For all of you sales leaders out there, here is an excerpt from CEO Marc Benioff's book "Behind the Cloud." This time, Marc delves into The Sales Playbook and offers us a look at winning over your first customers by treating them like partners.
Thanks to our developers’ talent and our earliest test users’ guidance, we developed a quality beta application. Finally, it was time to go out and win actual customers. Suddenly, we stumbled upon our newest and biggest test: making people comfortable putting their most sensitive data (proprietary customer lists) on our servers. Everyone was concerned about security breaches. It was challenging to convince prospects to try our service, and it was especially challenging to convince the first one. Most people don’t want to be the first to take a giant risk. Realizing that truism was pivotal. We finessed our strategy to target pioneers who saw an opportunity to participate in something new and exciting.
That first pioneer came in the form of Blue Martini Software, one of the small software companies in which I had previously invested. I knew I was asking for a favor when I called the founder, Monte Zweben, but I also knew I was offering something that he really needed. Monte’s sales team was using spreadsheets and wanted a CRM system, but it couldn’t afford traditional enterprise software. Blue Martini also needed a service without the complexities of enterprise software, because Monte wanted his sales team to be focused on selling, not getting a system up and running.
Monte floated the idea of using our new service by his sales force (the end users), and they immediately embraced it. Blue Martini (which has since been acquired and is now known as Escalate Retail) became our first customer in August 1999. The service was up and running within two weeks—not the months or years by which other software implementations were measured. Even better, Blue Martini did not have to make a million-dollar investment.
We did not have a formal sales organization at this time so in our quest for early customers, everyone on the salesforce.com team was encouraged to contact anyone he or she knew in any industry, or at any start-up. Diane Mark, our product manager, won our second client while she was standing in line at the local market, Mollie Stone’s. She ran into a former colleague who was working as a sales manager at iSyndicate, a company that sold syndicated content over the Web. She asked him what the company used to manage its sales process.

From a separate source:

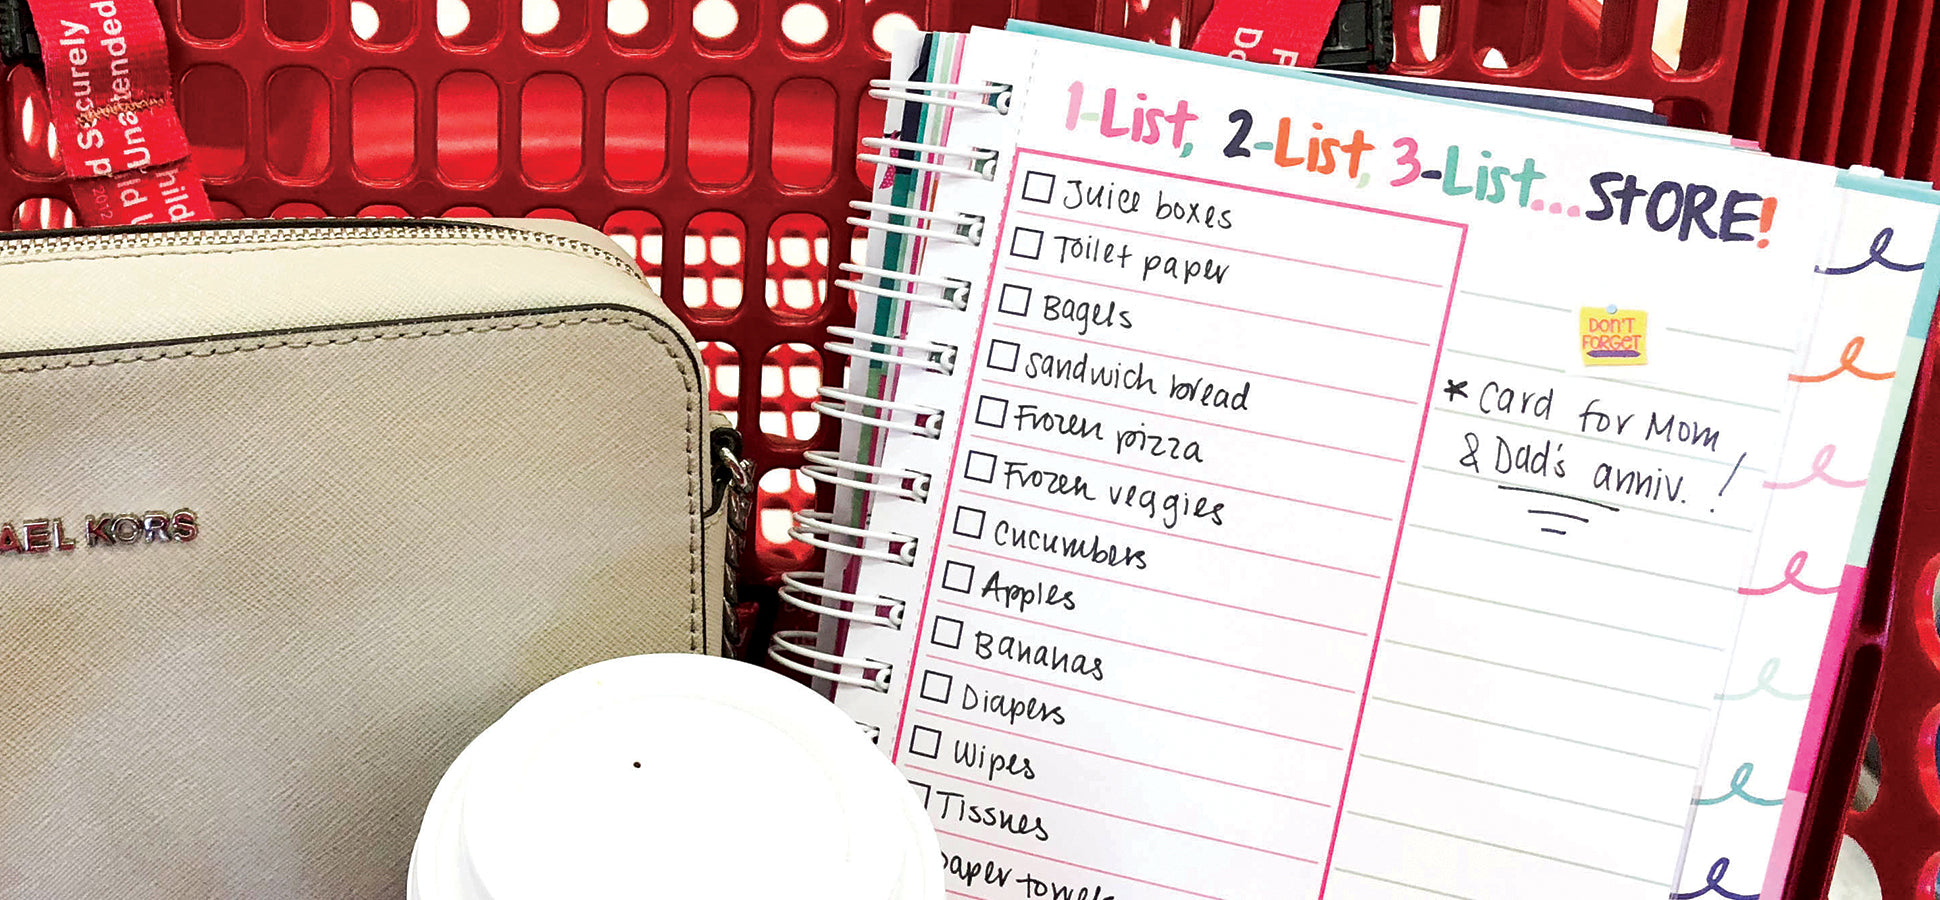 reminder binder list page grocery shopping checklist
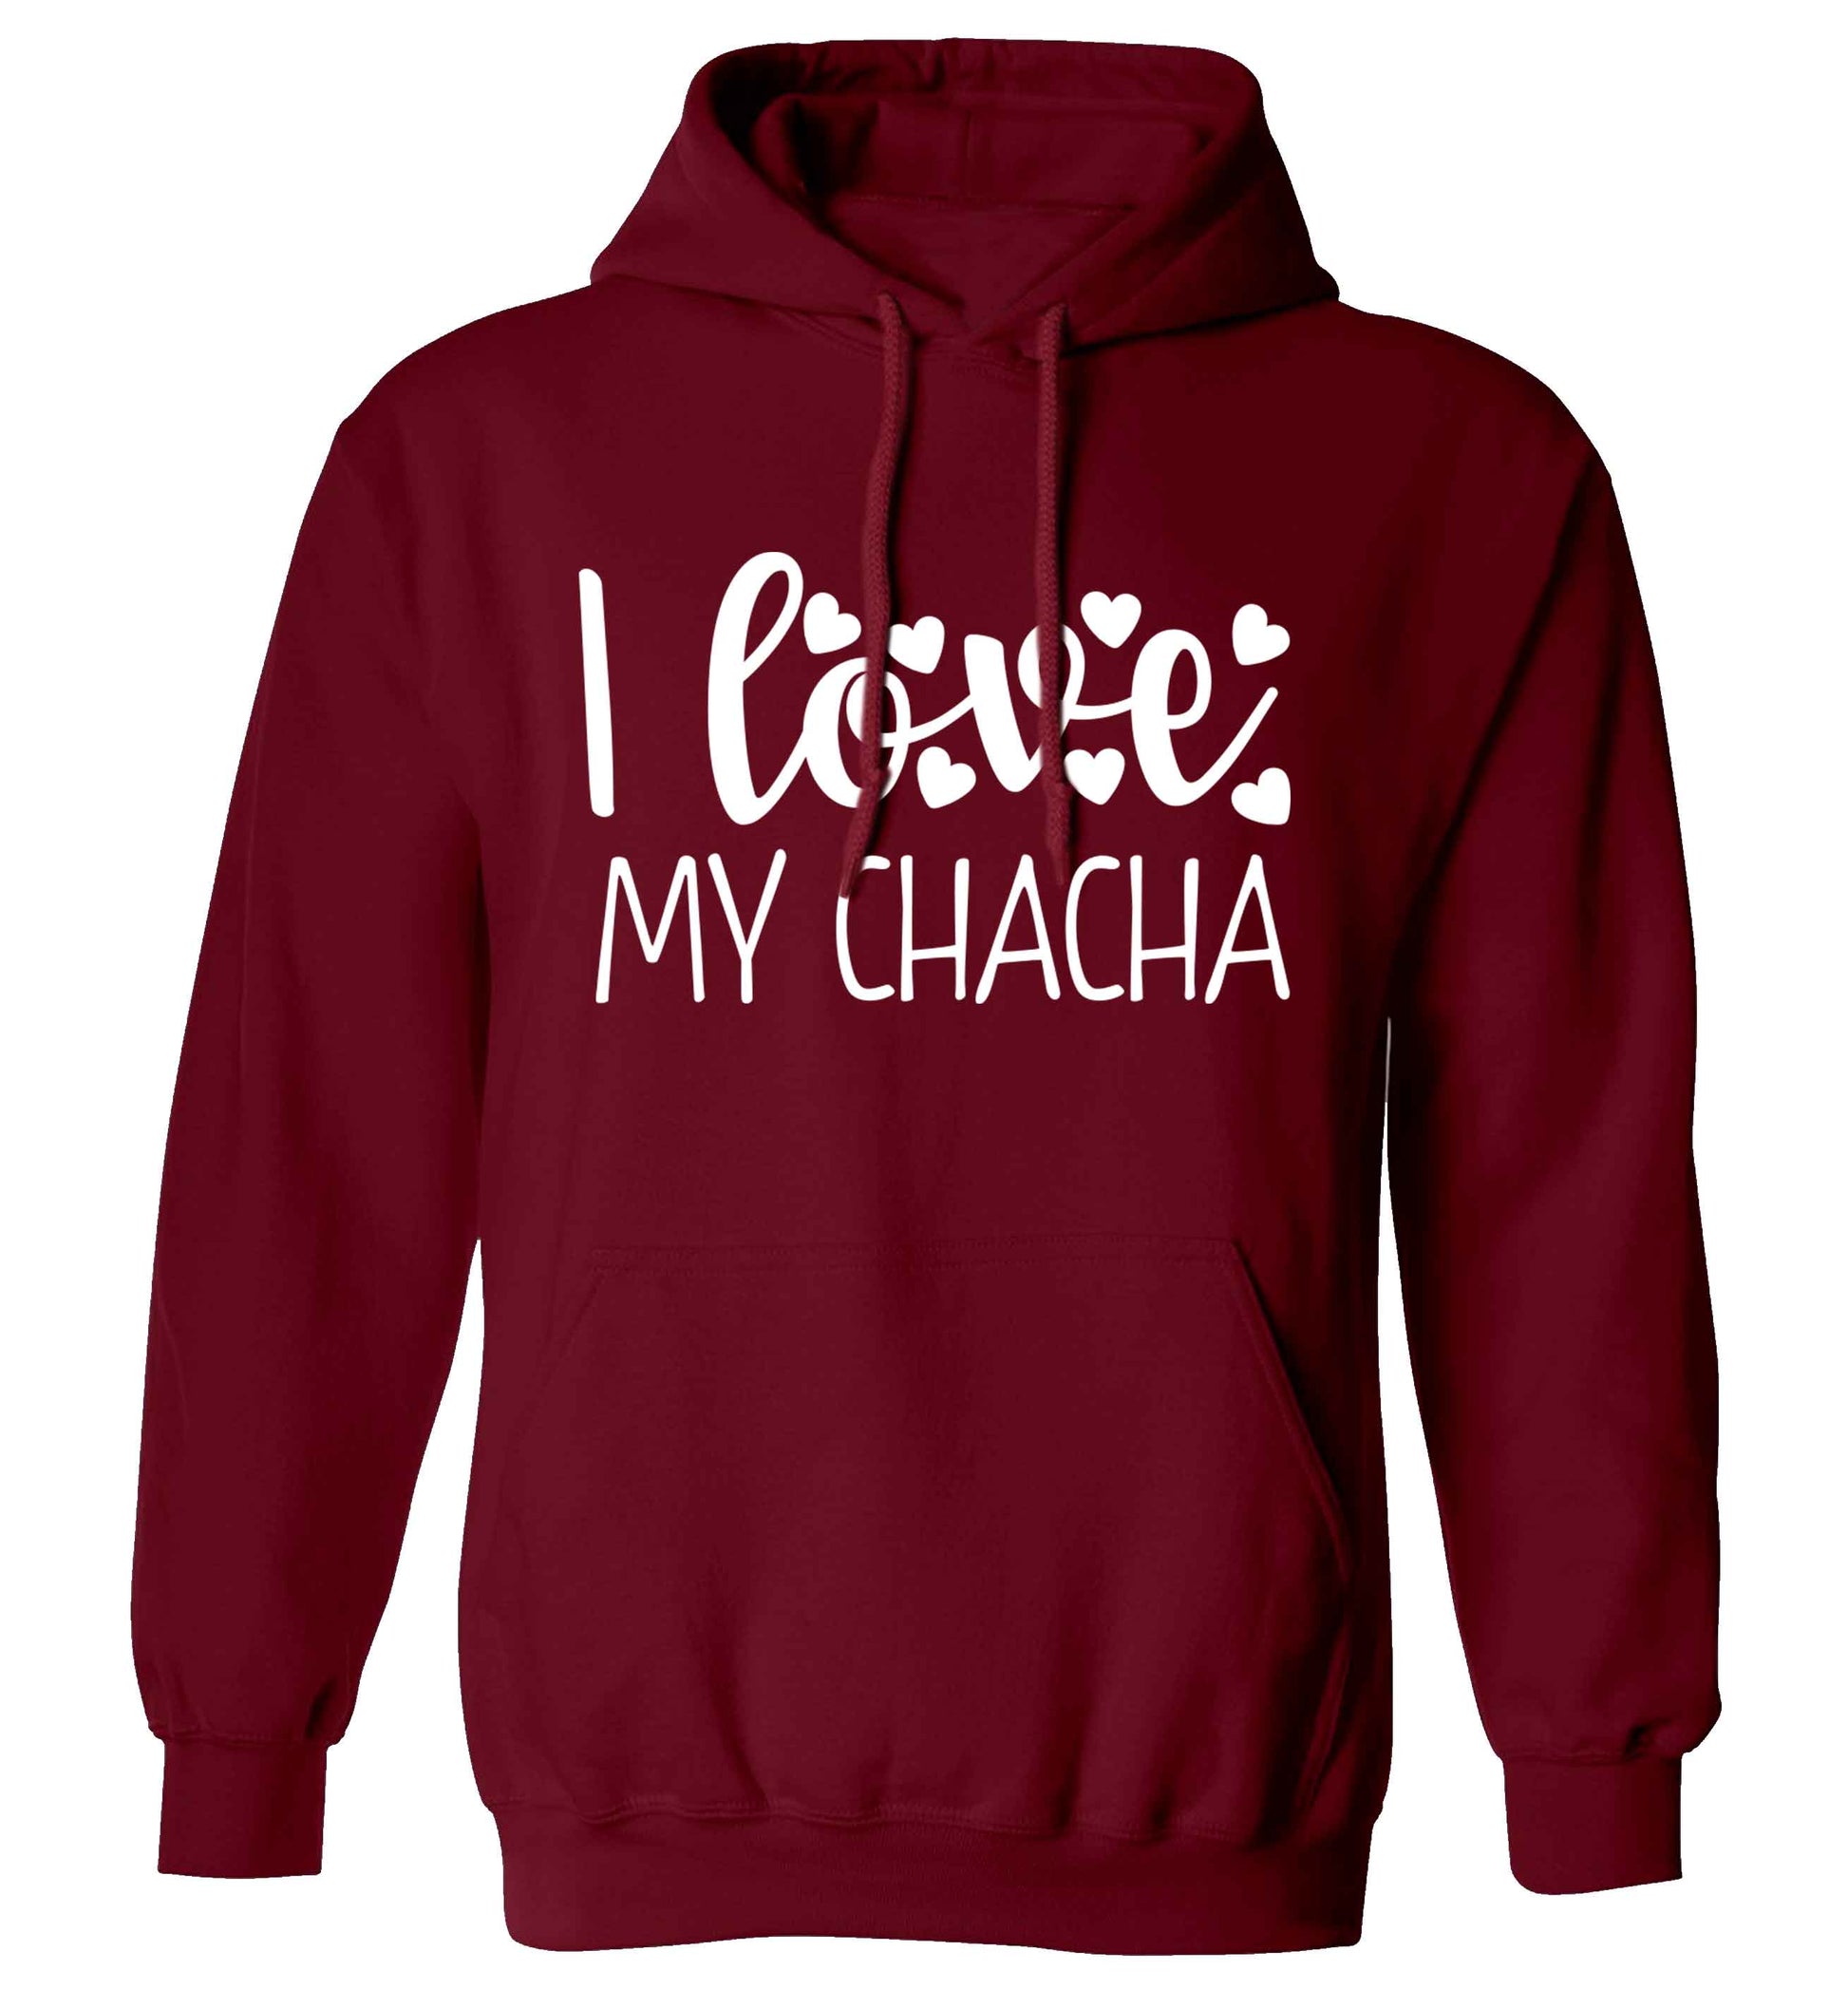 I love my chacha adults unisex maroon hoodie 2XL

“ACT! And Excel,” he replied. “It’s a mess.”
After a short meeting with the iSyndicate executives, they signed on as our second customer. By September, we had five pilot customers using salesforce.com for free. They were more like beta customers, but I called them design partners to recognize their real contributions.
Our design partners’ insights were essential to the development of our application. We contacted them frequently to discuss their experience using the service, and they became the eyes and ears of the engineering team. They discovered features and tools and functionalities that they needed. We added a button that allowed any user to immediately send us an idea, and we could react very quickly. We created “bugforce,” a scaled-down database to track bugs and new ideas, which helped us rate the frequency of the problems or requests. The development team built all additional functionality in a very short time—a matter of weeks, which was unheard of in the industry. Being small, nimble, and in constant communication with our earliest customers is what enabled us to produce a terrific service.
In fall 1999, once we had honed the service into something of measurable value to customers, we hired our first dedicated salesperson (and fifteenth employee) to help acquire additional free users and to convert our free users into paying customers. The plan worked exactly as intended. Blue Martini soon started paying for the service. Before long, Colo.com, a datacenter provider, was paying for twenty-five sales reps to use salesforce.com and touting our service in the press, explaining that it cost a fraction of a traditional enterprise product.
Our conversion strategy was successful for several reasons. First, through the free trial, prospects had already experienced the service, and they knew it worked. Second, it was a very low risk proposition because the service was billed monthly and there was freedom to change the plan or quit without any penalties. Third, it was such a good product that users became addicted. They needed it.
Go from Adoption to Addiction with a Feedback Loop
Be open to including all customers, and treat them as partners. To do so, utilize a fast and prioritized “feedback loop.”- Stay in touch with customers.
- Develop a way to track their requests.
- Respond to their requests quickly.
- Ask if their needs have been satisfactorily met.
- Pay attention to how they are using the product.